The Good Fight sembra approfittare del notevole ridimensionamento del parco personaggi per rendere ancora più netta la separazione tra la componente strettamente di attualità e la satira volta a creare situazioni surreali e grottesche.
Che poi questa seconda abbia comunque di mira questioni di natura socio-politica, quindi di attualità, crea poche differenze nella sostanza, ma grandi differenze nella forma, quindi nello stile dello show, di conseguenza nella capacità dello spettatore di usufruire di porzioni di puntata, con maggiore o minore coinvolgimento.
IL PROCESSO VERO: LIZ E DIANE
Indubbiamente l’episodio potrebbe guadagnarsi la sufficienza già soltanto per lo stato di tensione verso cui si dirige la questione del processo affrontato da Liz e Diane. Non si può certo negare che la questione razziale che coinvolge le forze dell’ordine negli USA non tocchi la recente attualità. La scelta dei King di mostrarla nella sua forma più cruda già è vincente di per sé. Aggiungere poi la loro classica porzione di ambiguità (arrivare ad uccidere il poliziotto ancora sotto processo è un gesto estremo che porta più problemi che altro), la capacità di mettere tutto in discussione, di vedere tutte le facce della stessa medaglia, tutto ciò arricchisce e non di poco la questione affrontata.

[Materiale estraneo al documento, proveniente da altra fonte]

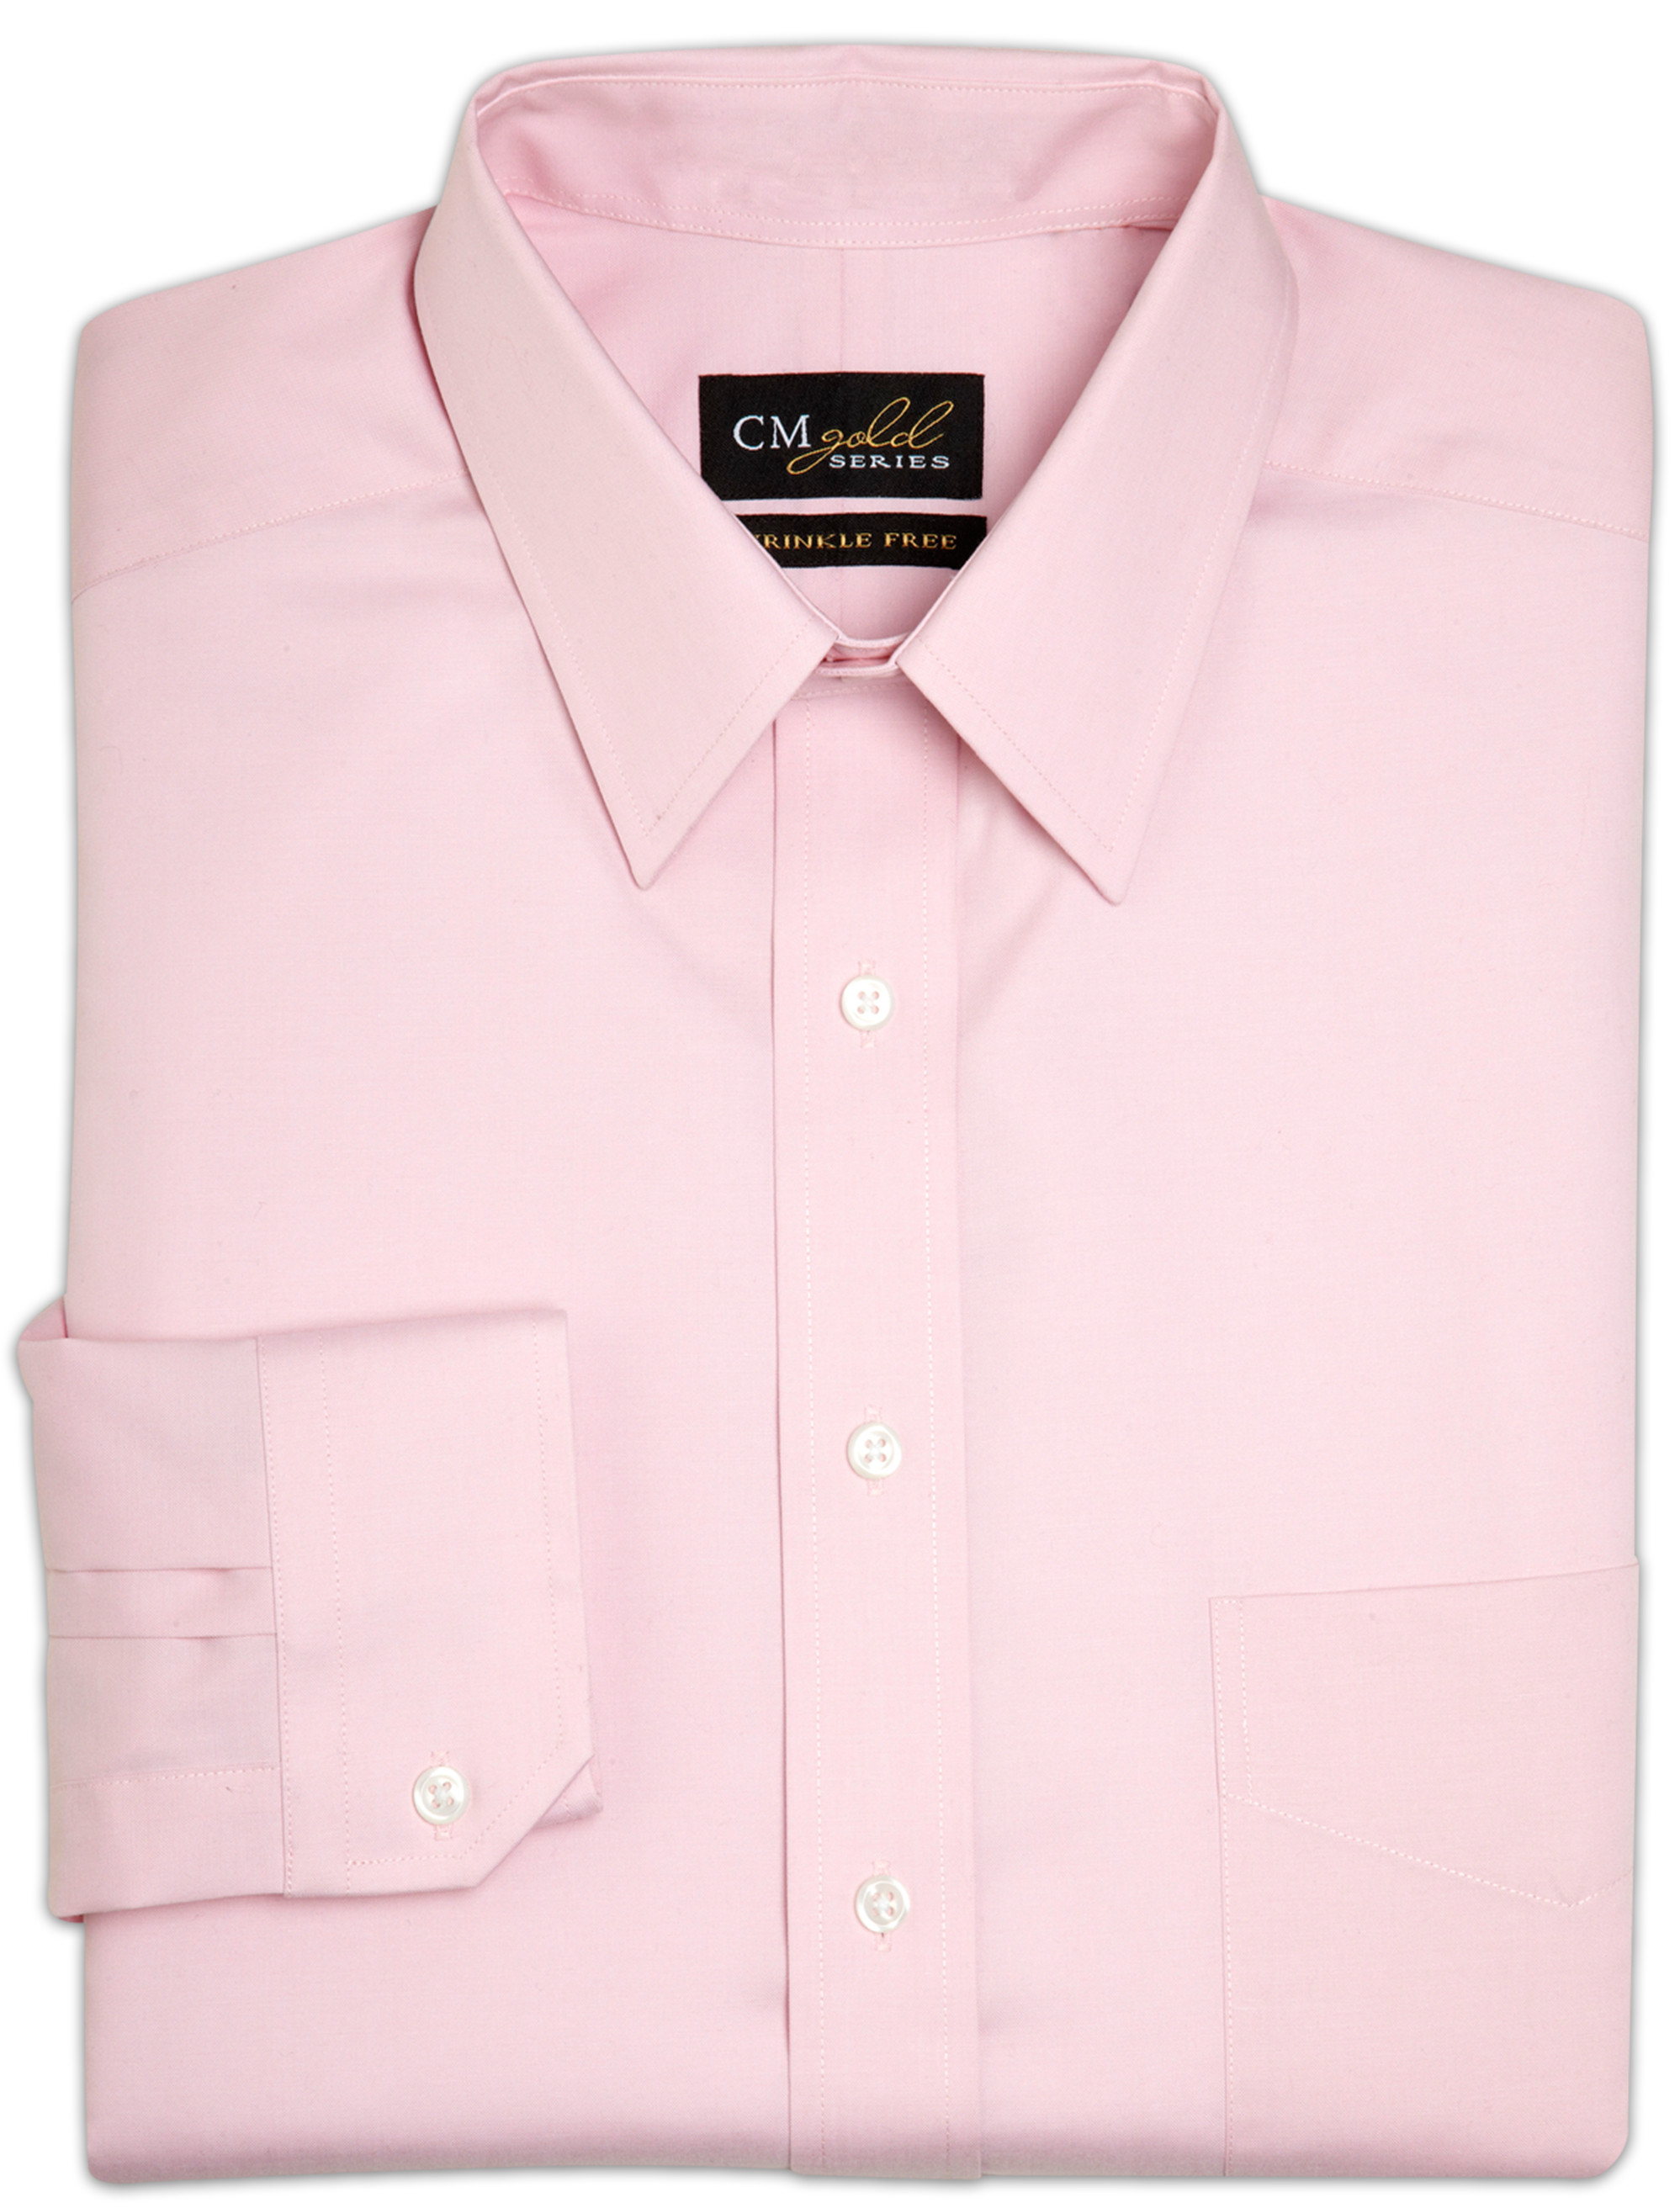 Gold Series Neck-Relaxer Broadcloth Dress Shirt | Dress Shirts from ...

Il siparietto con il giudice, riguardo la presente relazione omosessuale tra Diane e Liz, fa capire come a partire da un certo punto i King inizino a scherzare. Sicuramente in maniera brillante, ma pur sempre a scherzare. Se da un lato si sceglie di deridere le continue speculazioni su relazioni nascoste, dall’altro si deride l’immediato bisogno di solidarietà e complicità fornita da una figura notoriamente schierata dai tempi di The Good Wife, come il giudice Abernathy. Non si poteva poi esimersi dal far sì che le due protagoniste, avvocatesse esperte senza troppi scrupoli, utilizzassero la cosa a loro vantaggio.
IL PROCESSO FINTO: MARISSA
Appare chiaro, dal precedente paragrafo, che le due principali storyline abbiano al loro interno entrambi i tratti stilistici di cui si è parlato nell’introduzione. Se però Liz e Diane solo alla fine si trovano di fronte ad un qualcosa per cui “sorridere”, l’intera vicenda con Marissa protagonista subisce il processo inverso.
L’intero falso tribunale e tutti i risvolti ad esso connessi sono costituiti da un DNA fondamentalmente satirico, grottesco e surreale.
L’abilità finora mostrata nel costruire questa porzione di storia è stata quella di andar aggiungendo un po’ alla volta quella percentuale di grottesco in più utile a rendere piano piano l’intera storia meno surreale e più inquietante.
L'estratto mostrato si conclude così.